-- What to do --
Among the entries that follow, locate the line with "table soccer figures" and the line with "IRON MAIDEN live". Output those lines and all lines in between, exactly, minus the pictures.

-- Dataset --
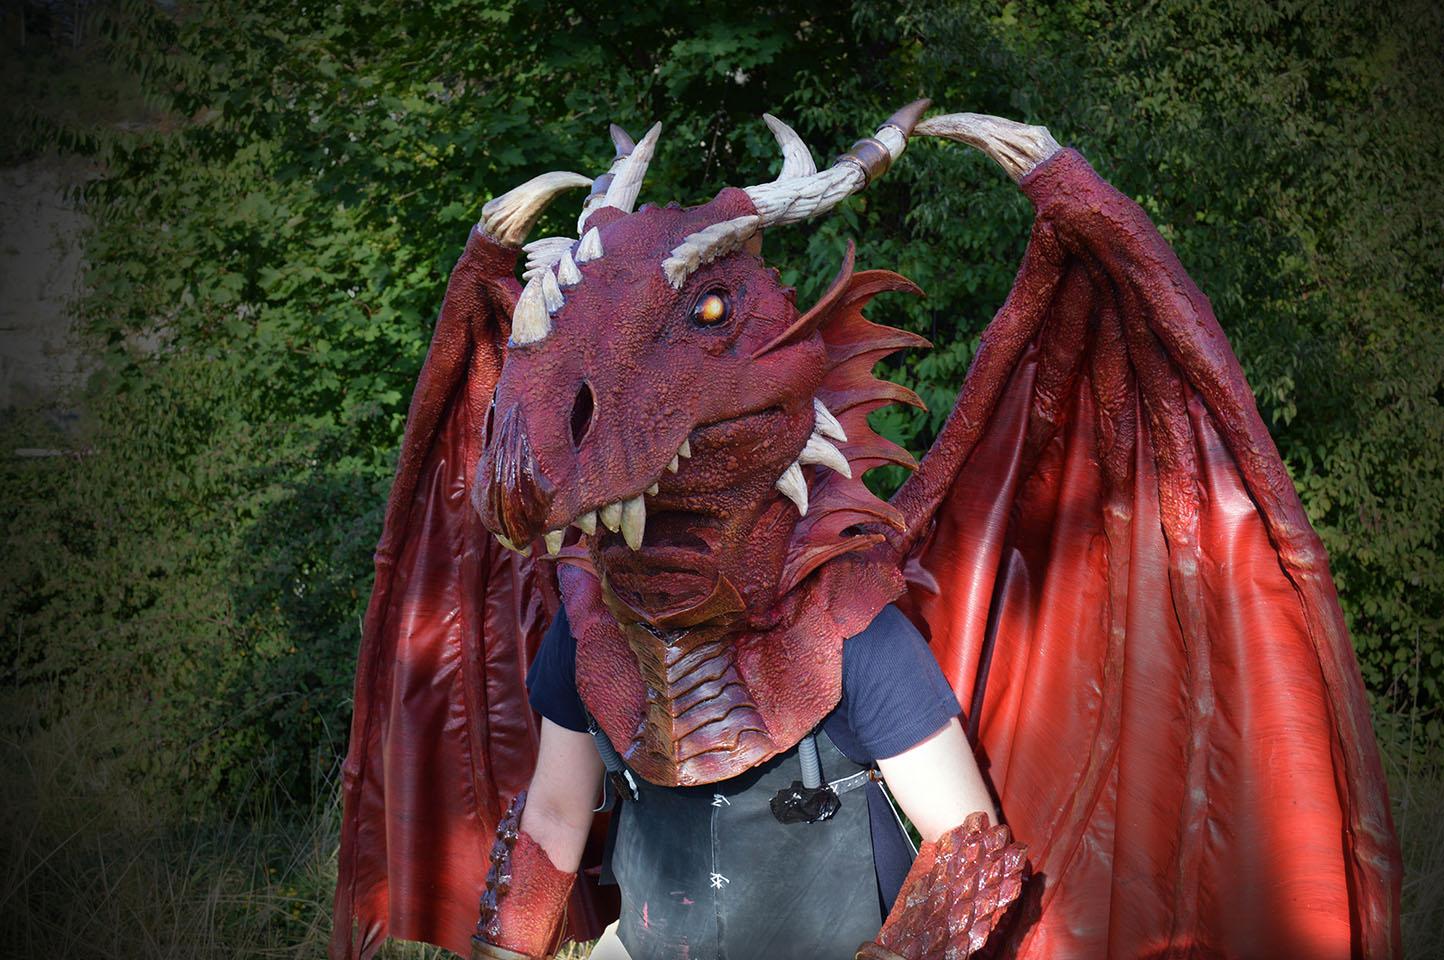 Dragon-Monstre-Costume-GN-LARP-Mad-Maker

--

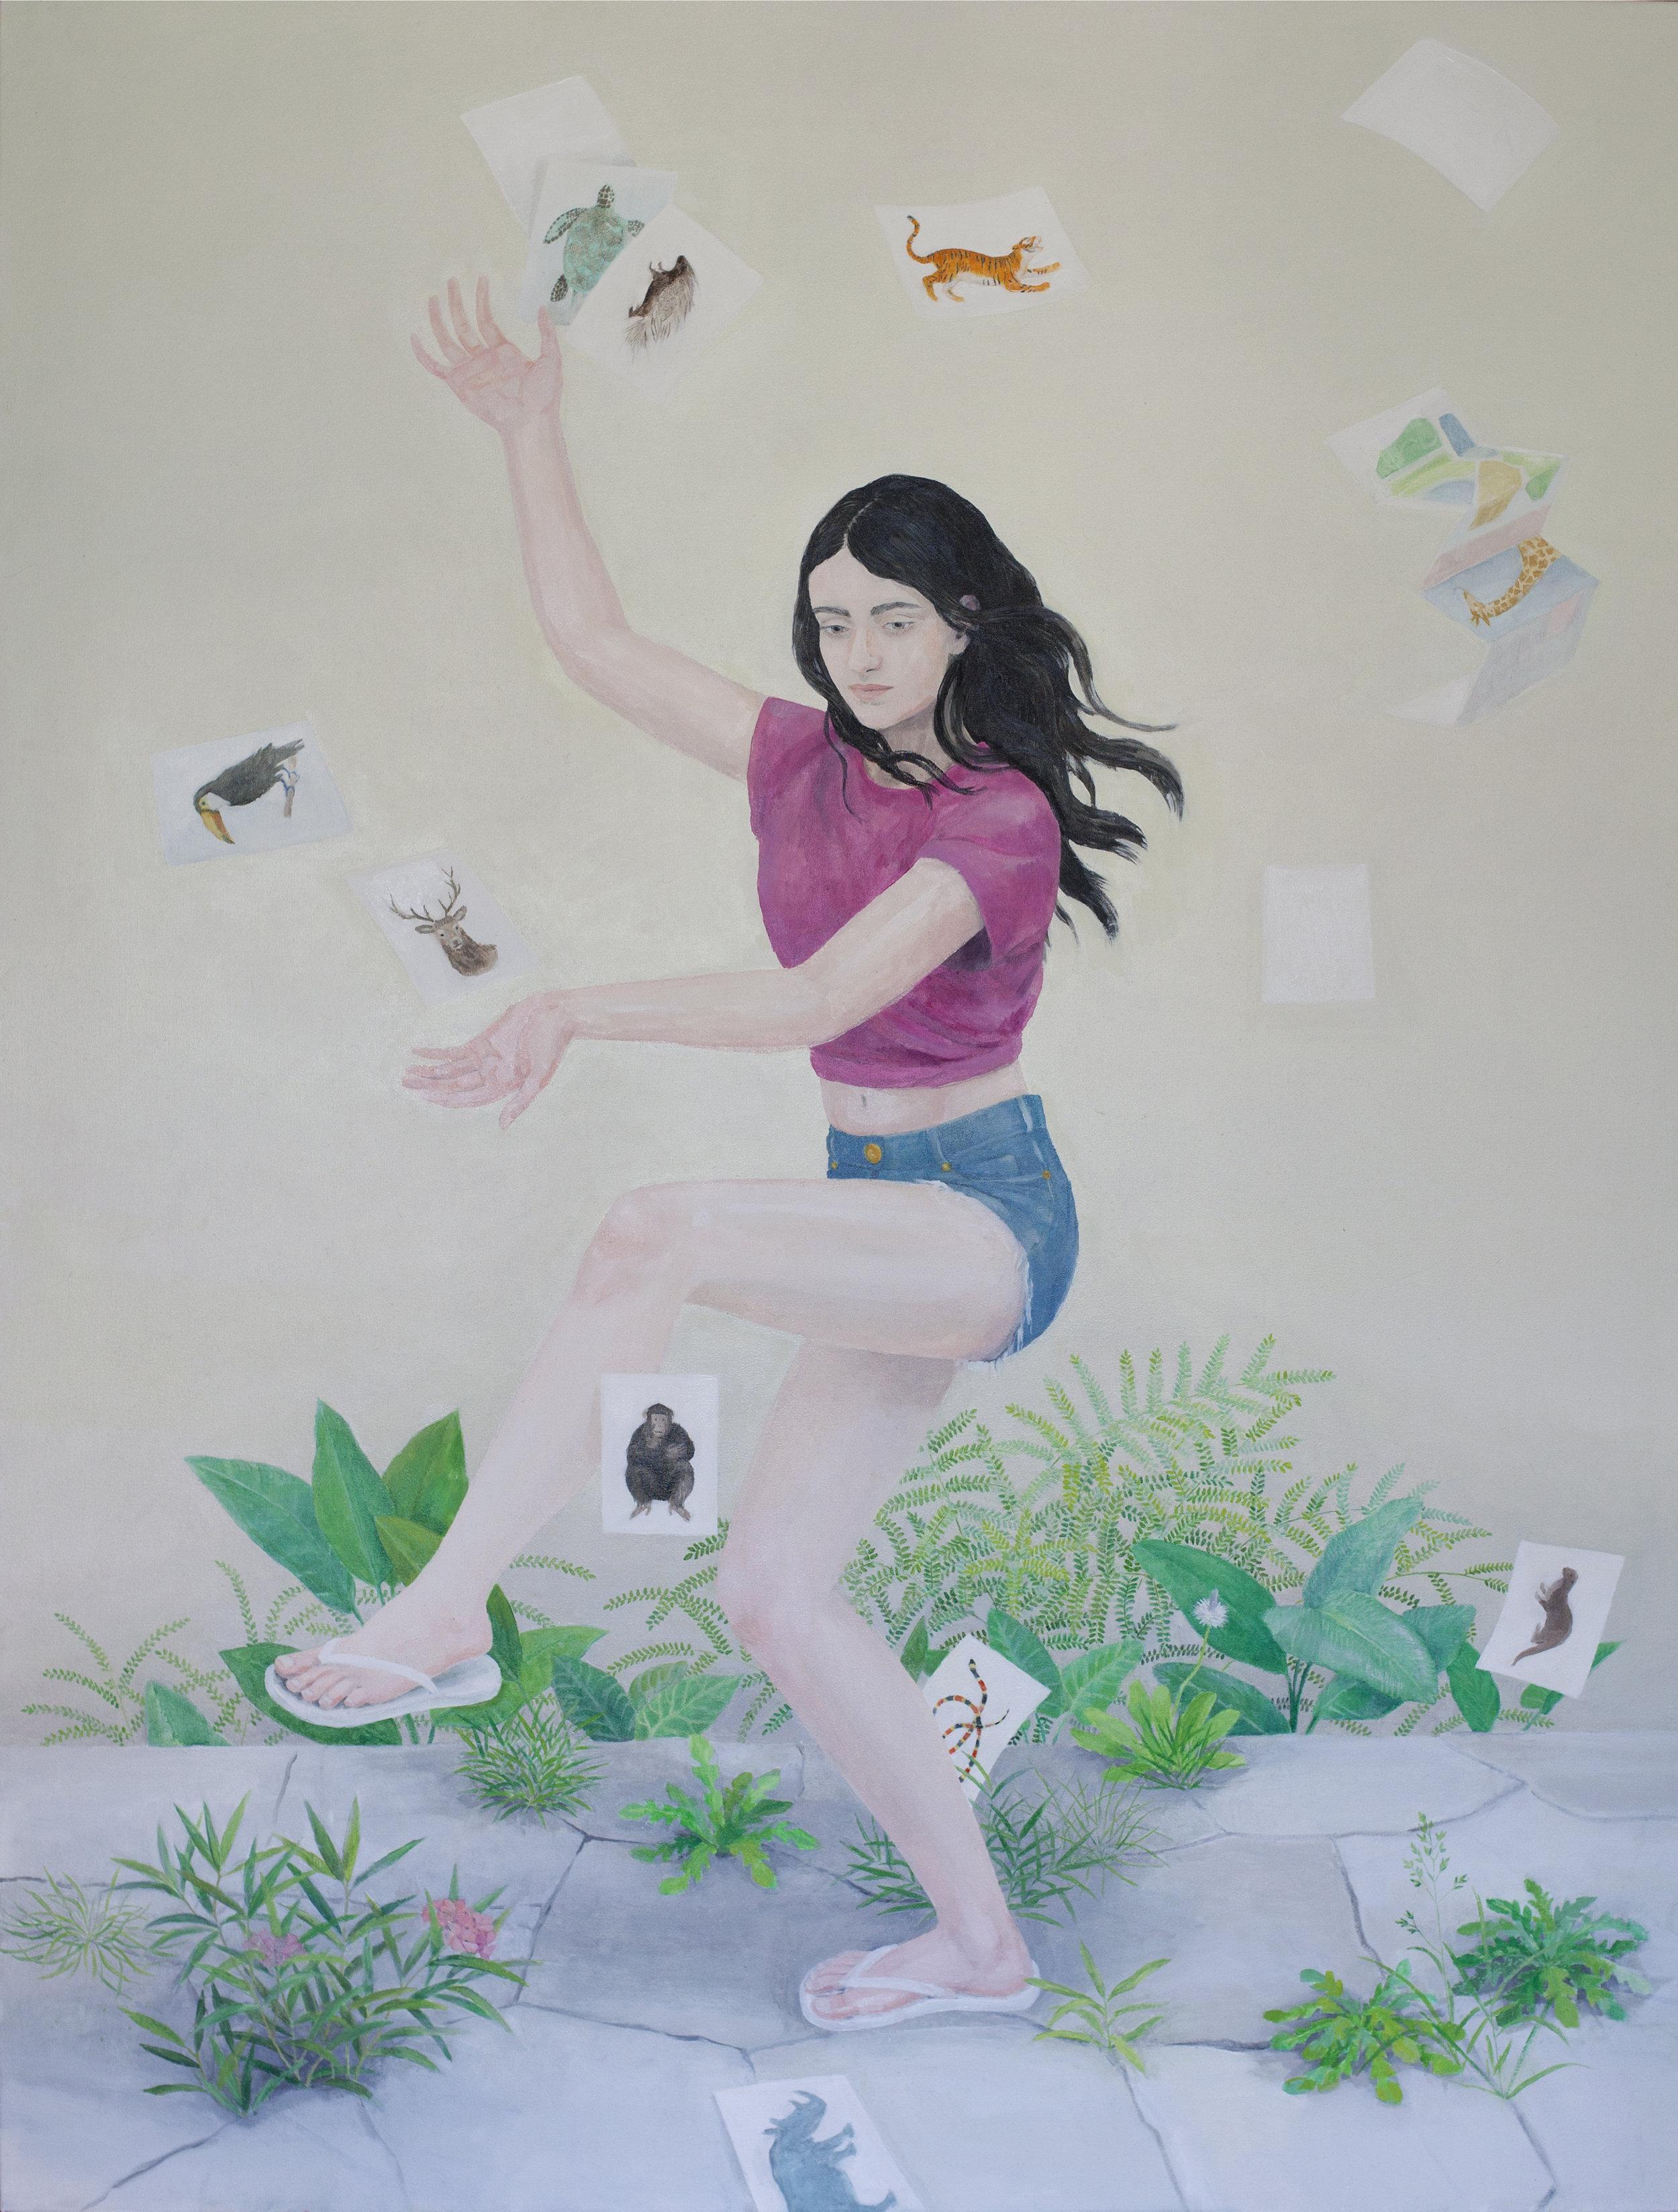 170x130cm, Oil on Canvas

---

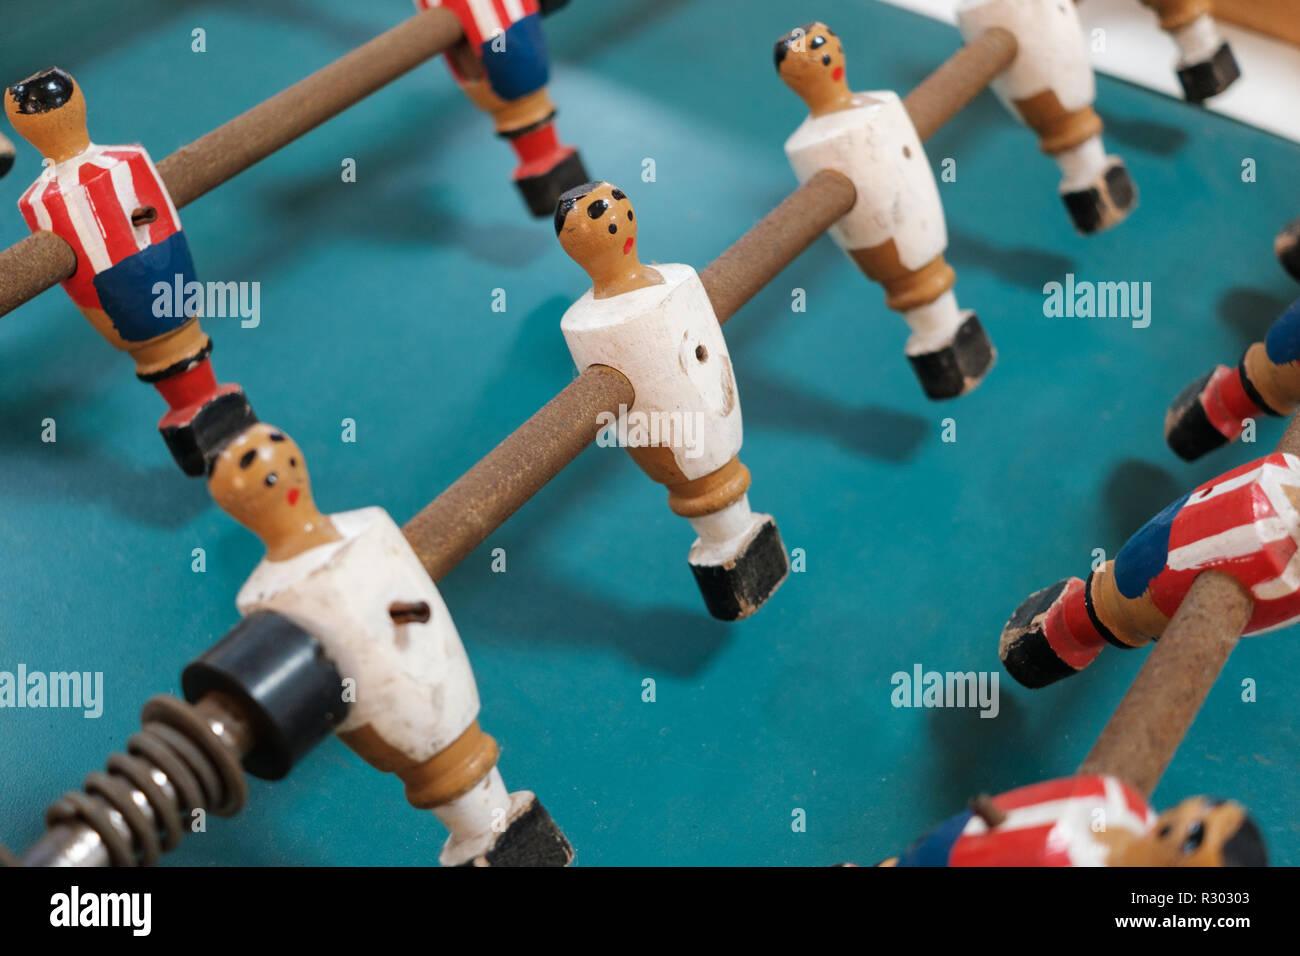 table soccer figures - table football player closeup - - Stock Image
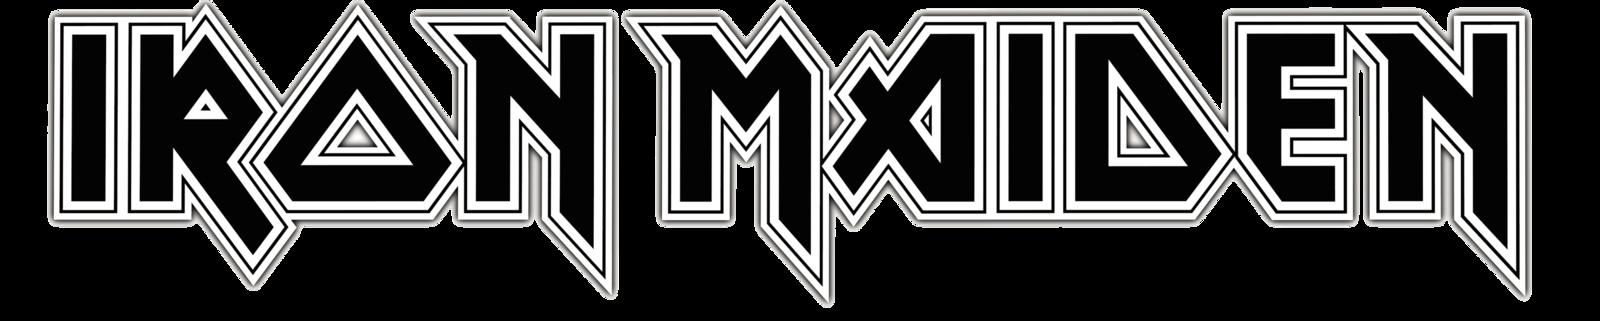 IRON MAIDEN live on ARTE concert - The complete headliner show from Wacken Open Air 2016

-- Expected answer --
 table soccer figures - table football player closeup - - Stock Image
 IRON MAIDEN live on ARTE concert - The complete headliner show from Wacken Open Air 2016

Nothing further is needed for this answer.